- Born in Lompoc, California.
- Has a brother who passed away and a sister.
- Married to his wife, Sandy, and has a daughter, Rebecca, and a son, Daniel.
- Attended Allan Hancock College with an emphasis on engineering and earned a certificate for completing the Pathways to Leadership program.
- His son is in a line work apprenticeship in Portland, Oregon. Also, his father worked as a lineman for the telephone company in the central part of California in the 1950s. After retiring after a 35-year career in the trade, his father passed away in 2012.
- Enjoys working in the yard, camping in his RV, exploring, riding his Harley and visiting wineries in different parts of the region.
- Expands his knowledge and contacts by attending workshops, training sessions and conferences about the power industry across the country.
- As a manager, he can’t live without his smart phone, tablet, smart watch and laptop computer.
I spent the majority of my 39-year career working for the city of Lompoc, a small municipal utility in California. I was able to wear a lot of hats, learn about the business side of things and collaborate with the smaller utilities throughout the West. I started as a senior maintenance worker/tree trimmer after graduating from Lompoc High School, and after about a year in that job, I entered the apprenticeship program and topped out as an electrical line worker in 1985. A year later, I became the lead electrical worker or foreman for four years before starting the substation group and becoming a lead substation technician/foreman. From 1996 to 2014, with more added responsibilities, I became a substation supervisor for about 19 years. I then decided to explore other job opportunities, and Clark Public Utilities in Vancouver, Washington, gave me an offer I couldn’t refuse.
Day in the Life
As a transmission and distribution manager for Clark Public Utilities, I am responsible for a team of 45 employees including four superintendents and another 40 field staff. I collaborate with internal and external staff to help manage the work for them and serve as their advocate. I try to get out in the field once or twice a week to visit the crews and support their efforts. Right now, we are doing a lot of small reconductor work and long overlooked maintenance. Because I work for a maintenance utility, our crews don’t do a lot of the big construction jobs, but we maintain the infrastructure after it has been installed.

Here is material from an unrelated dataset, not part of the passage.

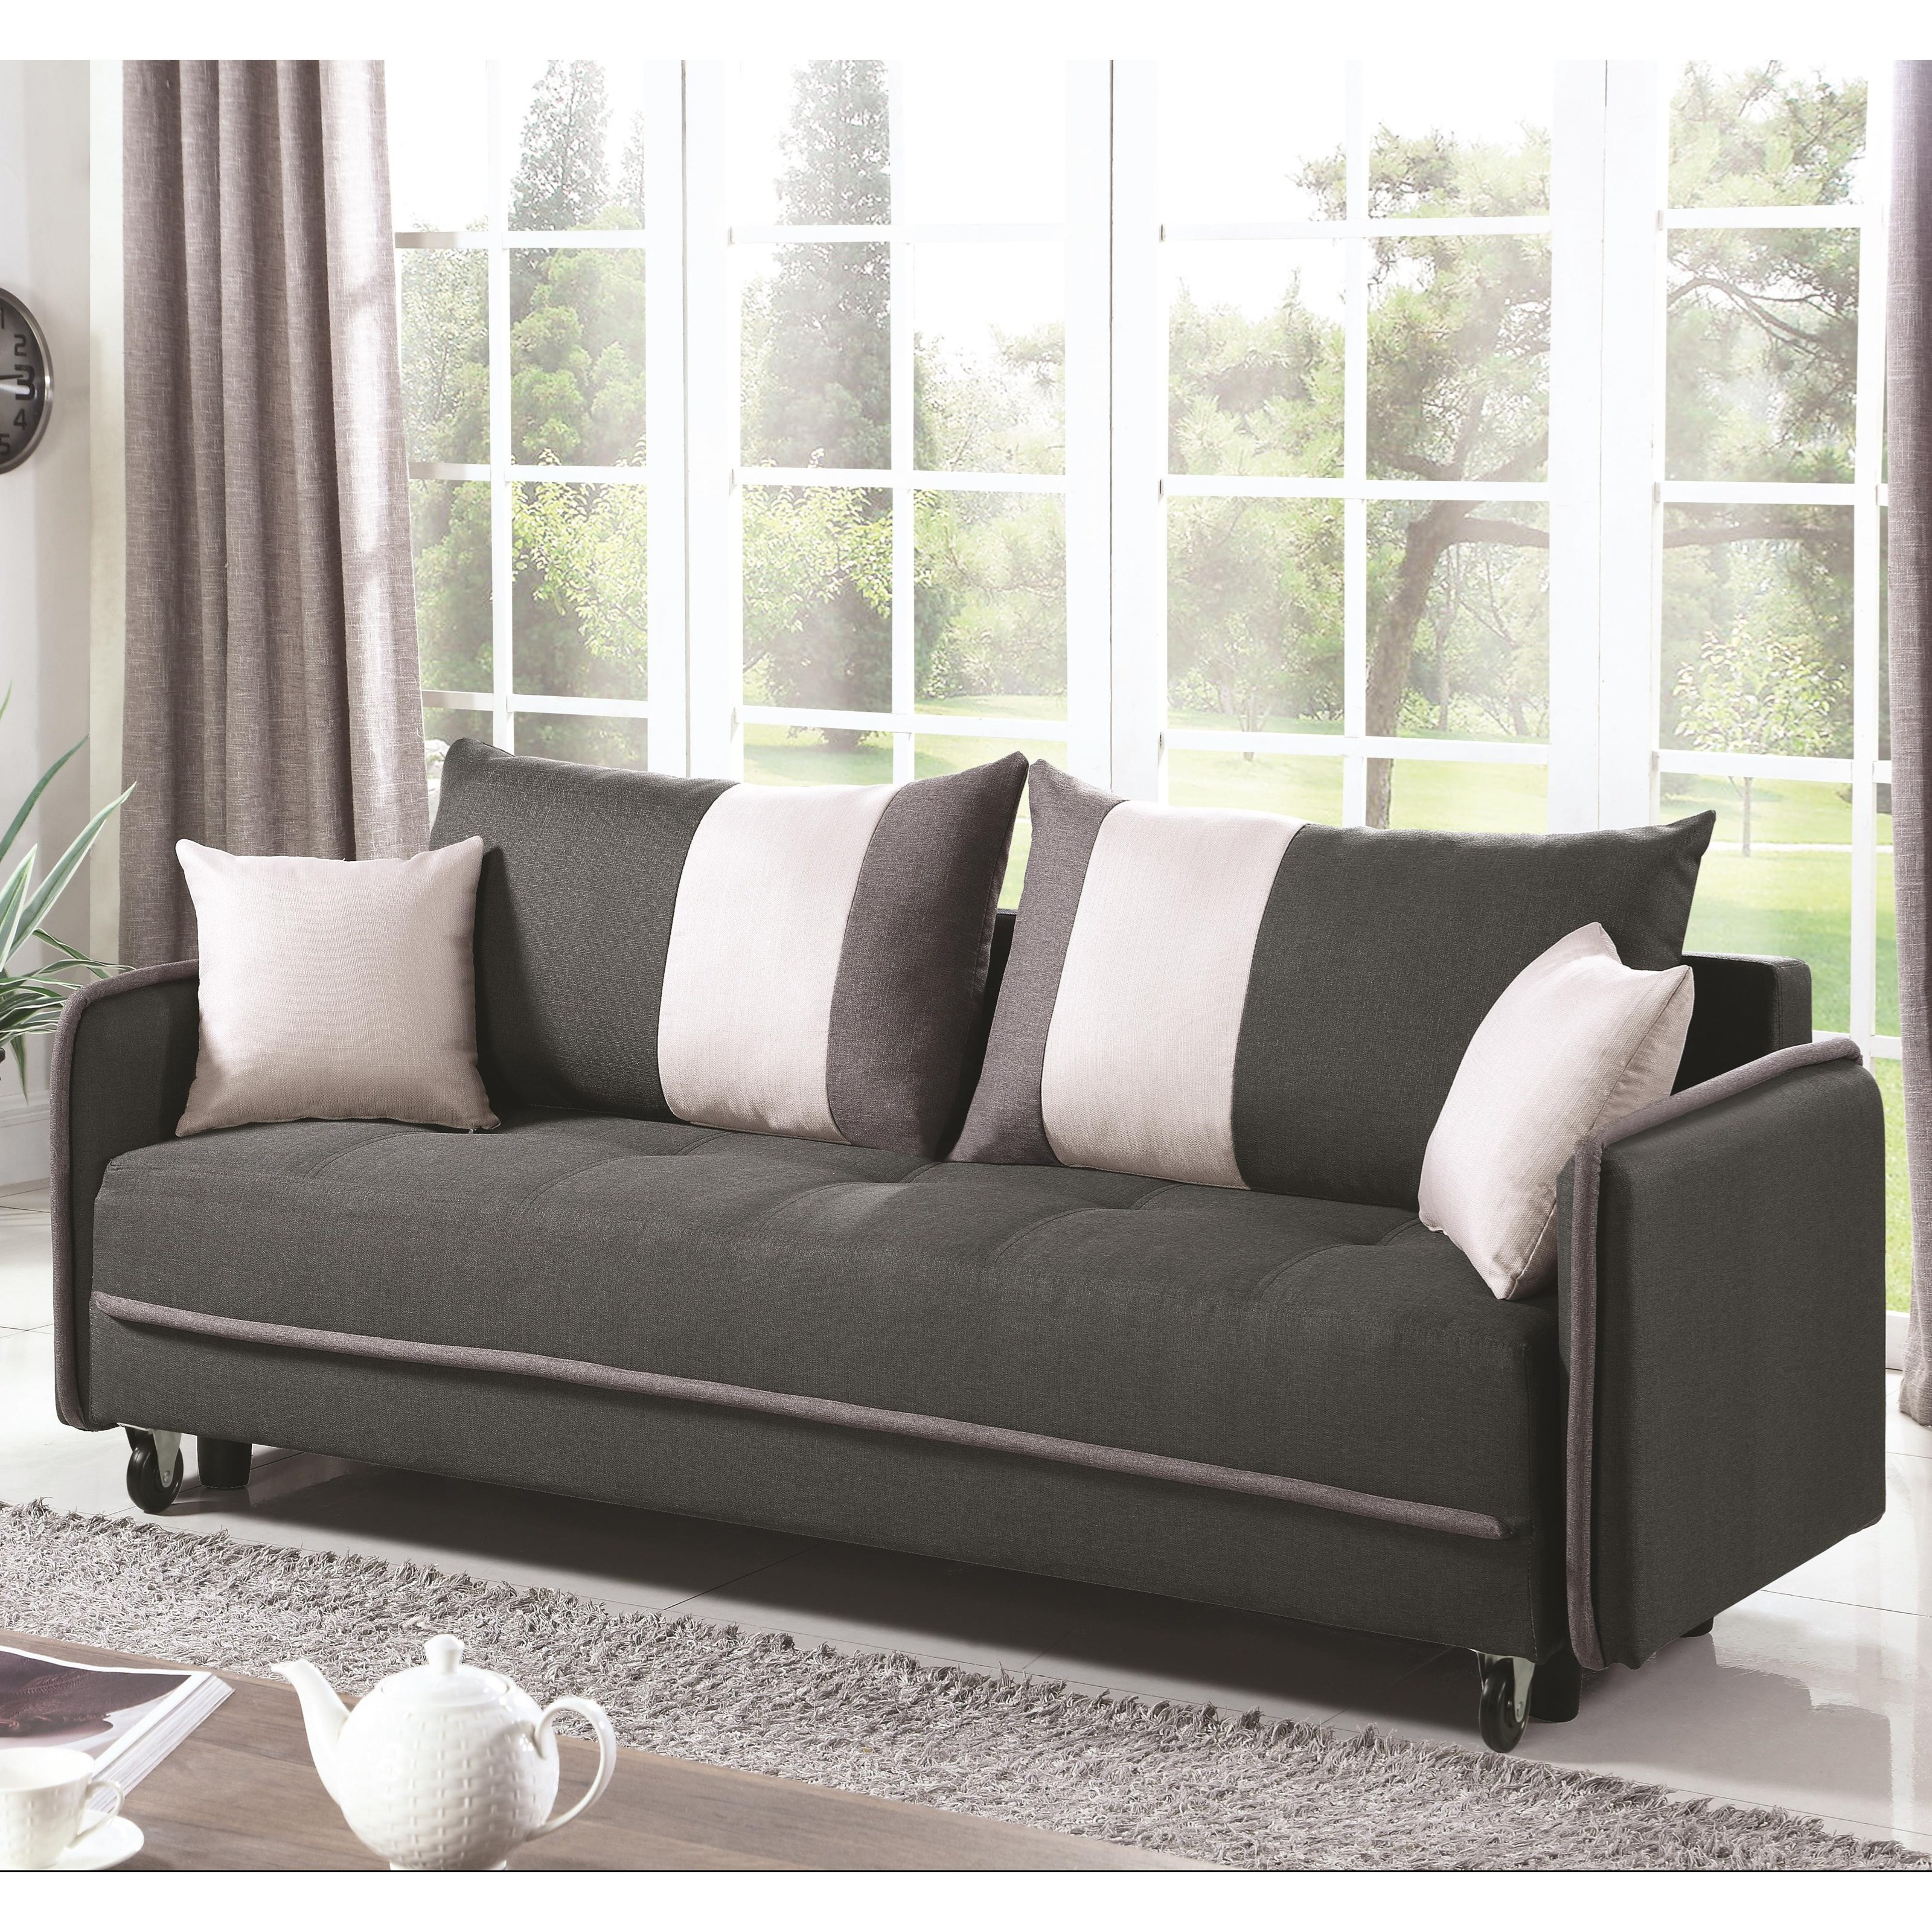 Coaster Sofa Beds And Futons Casual Convertible Sofa Value City

We all know that in this field, safety is number one. Our guys take safety very seriously, and they are diligent about doing tailboards every day. If anything happens, they stop the job and talk about it. We don’t put pressure on them to get their work done quickly. In this industry, you can’t get in a hurry and take shortcuts or someone will get hurt.
On Valentine’s Day in 1983, I worked as an apprentice for the City of Lompoc. The majority of our 15,000 customers were without power due to damage from a “Pineapple Express” storm. Heavy rain pushed in from the tropics, and we had wind gusts of up to 85 mph. Since we had an old system, we had lots of poles and wire on the ground. Following this storm, we didn’t contract anything out—we conducted all the repairs in-house. I was brand new to the industry, and I was in awe of what it took to put everything back together. Since then, we have had different storms involving snow and ice, but that storm was definitely an eye opener. Now I must manage crews who restore power after a storm, I know how important it is to give credit to your entire team for the long hours and commitment to customers to get them back in service.
My wife and I are buying a piece of property in Prescott, Arizona, and we are planning to move down to that area. I also plan to continue doing some advocacy work for the industry. I am currently a member of several organizations including the Clark County Utility Coordinating Council, the Western Regional Mutual Assistance Group and the
Washington Public Utility District’s Association Operations Committee. I also am involved with the Environmental Task Force, Labor and Employee Relations Group and the Training Development Committee of the Northwest Public Power Association. In addition, I serve as the regional coordinator of the American Public Power Association Mutual Assistance Working Group and a panel member of the RP3 panel.
Giving Back to the Trade
When I visit the line schools and attend local high school events, I tell the young people coming in that the line trade is such a rewarding career. You can provide a service to the customer that they can’t live without. When I was “in the tools,” I always enjoyed helping people and doing the right thing. It’s what we do in this trade.